BRIEF DESCRIPTION OF THE DRAWINGS FIG. 1 is a graph showing a relationship between a cold working ratio and a spheroidizing time, FIG. 2 is a graph showing a relationship between a heating temperature and hardness during spheroidizing annealing, FIG. 3 is a graph showing the relationship between heating time, hardness and carbide diameter during spheroidizing annealing of SK7, and FIG. 4 is a graph showing the relationship between heating time, hardness and carbide diameter during spheroidizing annealing of S35C. It is a graph shown.

──────────────────────────────────────────────────の Continuation of the front page (72) Inventor Hideo Abe 1 Kawasaki-cho, Chiba City, Chiba Pref. Kawasaki Steel Corp. Technical Research Division (56) References JP-A-58-207325 (JP, A) Akira Tokubo 63-14045 (JP, B2) JP-B-54-27821 (JP, B2) (58) Fields investigated (Int.
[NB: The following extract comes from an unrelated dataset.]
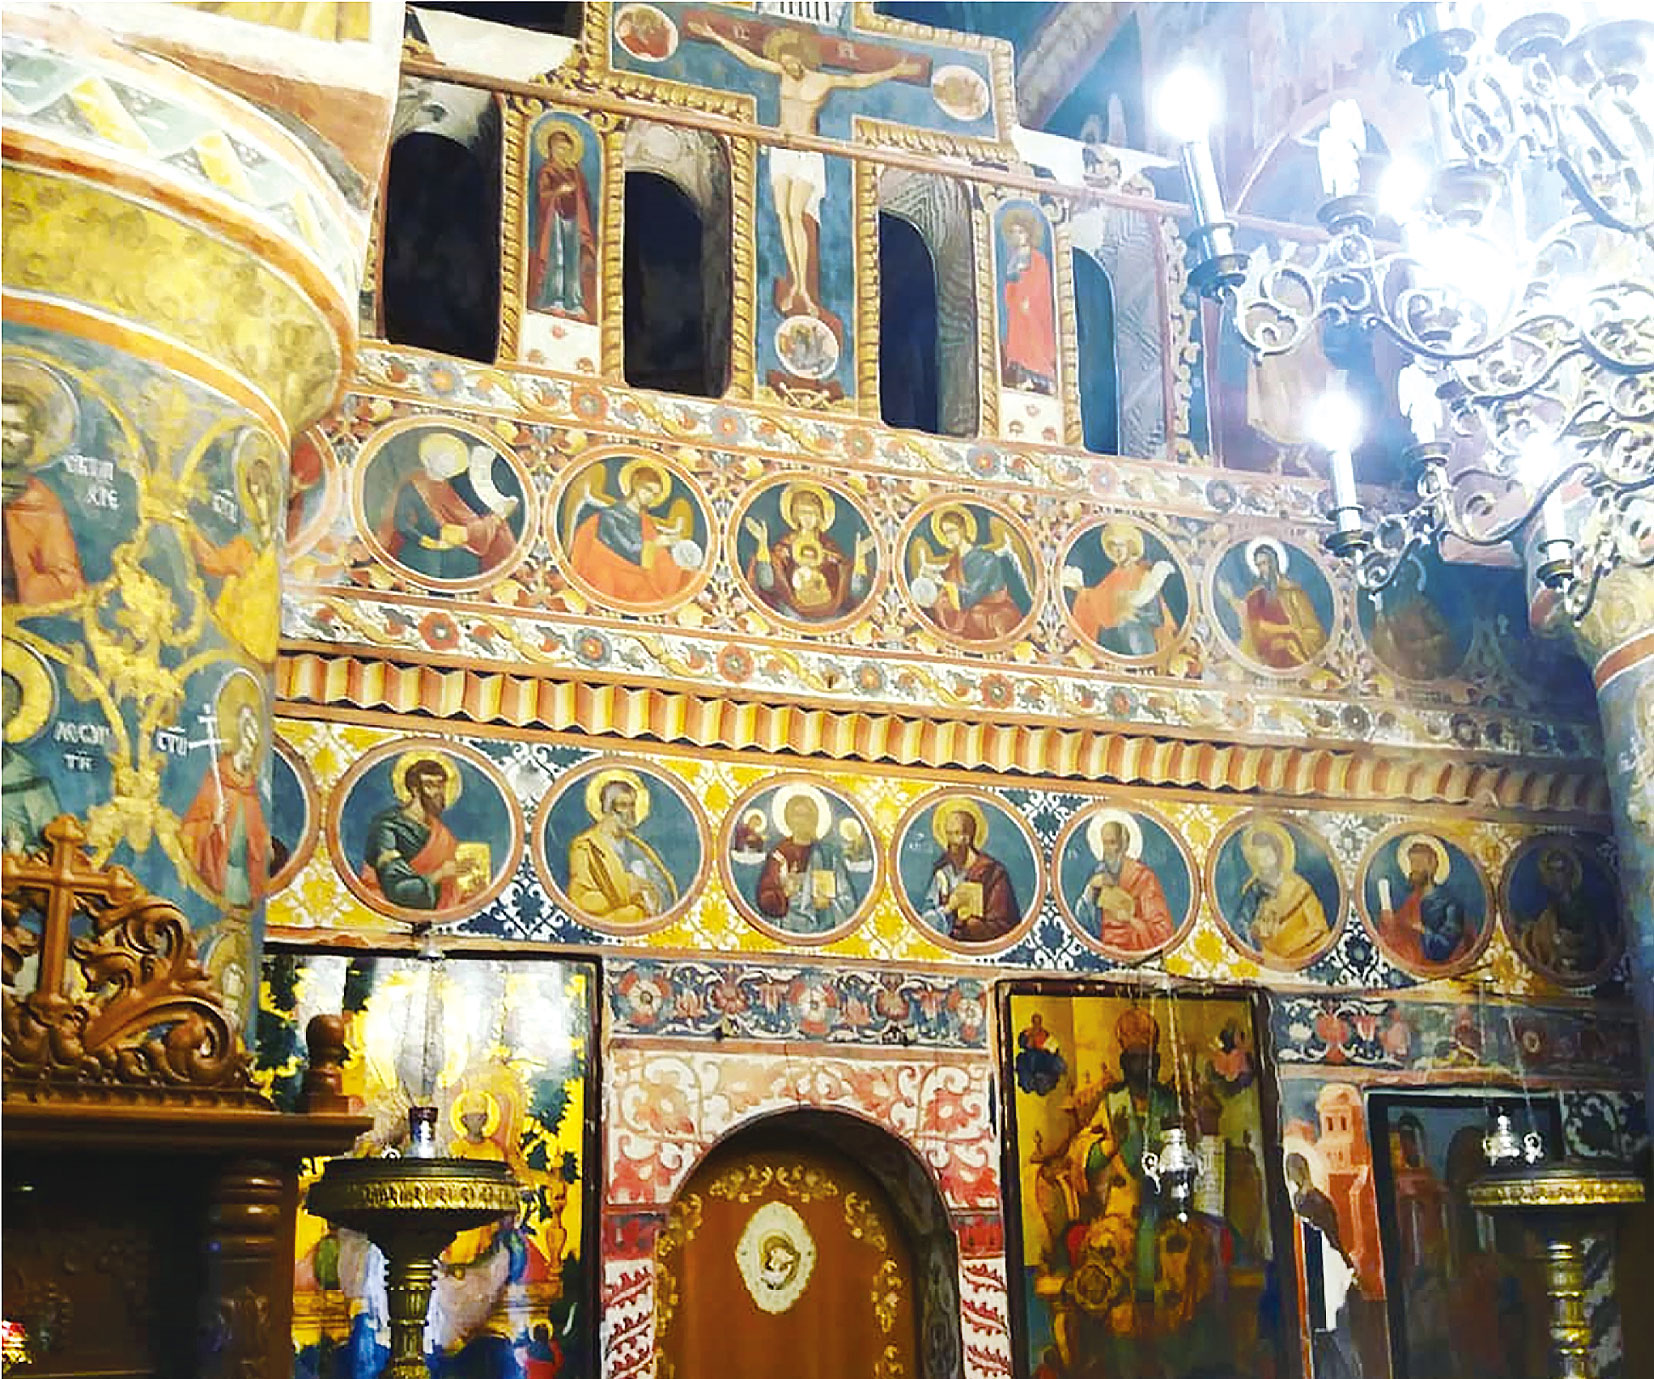 Manastirea Snagov interior

Cl. ⁶ , DB name) C21D 8/02 C21D 1/32

Claims (1)

(57) [Claims] (1) A cold working of 30% or more is applied to a eutectoid or hypoeutectoid steel having a pearlite structure with a C content of 0.8% by weight or less, and then recrystallized at a rate of 0.5 ° C./s or more. Above temperature, A
Heat to a temperature below ₁ transformation point, hold in this temperature range for 30 to 600 seconds, and then cool at a rate of 0.5 ° C / s or more to reduce the layered carbide in the pearlite structure to a fine particle size of 1 μm or less. A method for spheroidizing a layered carbide in a eutectoid or hypoeutectoid steel, wherein the method is a spherical carbide.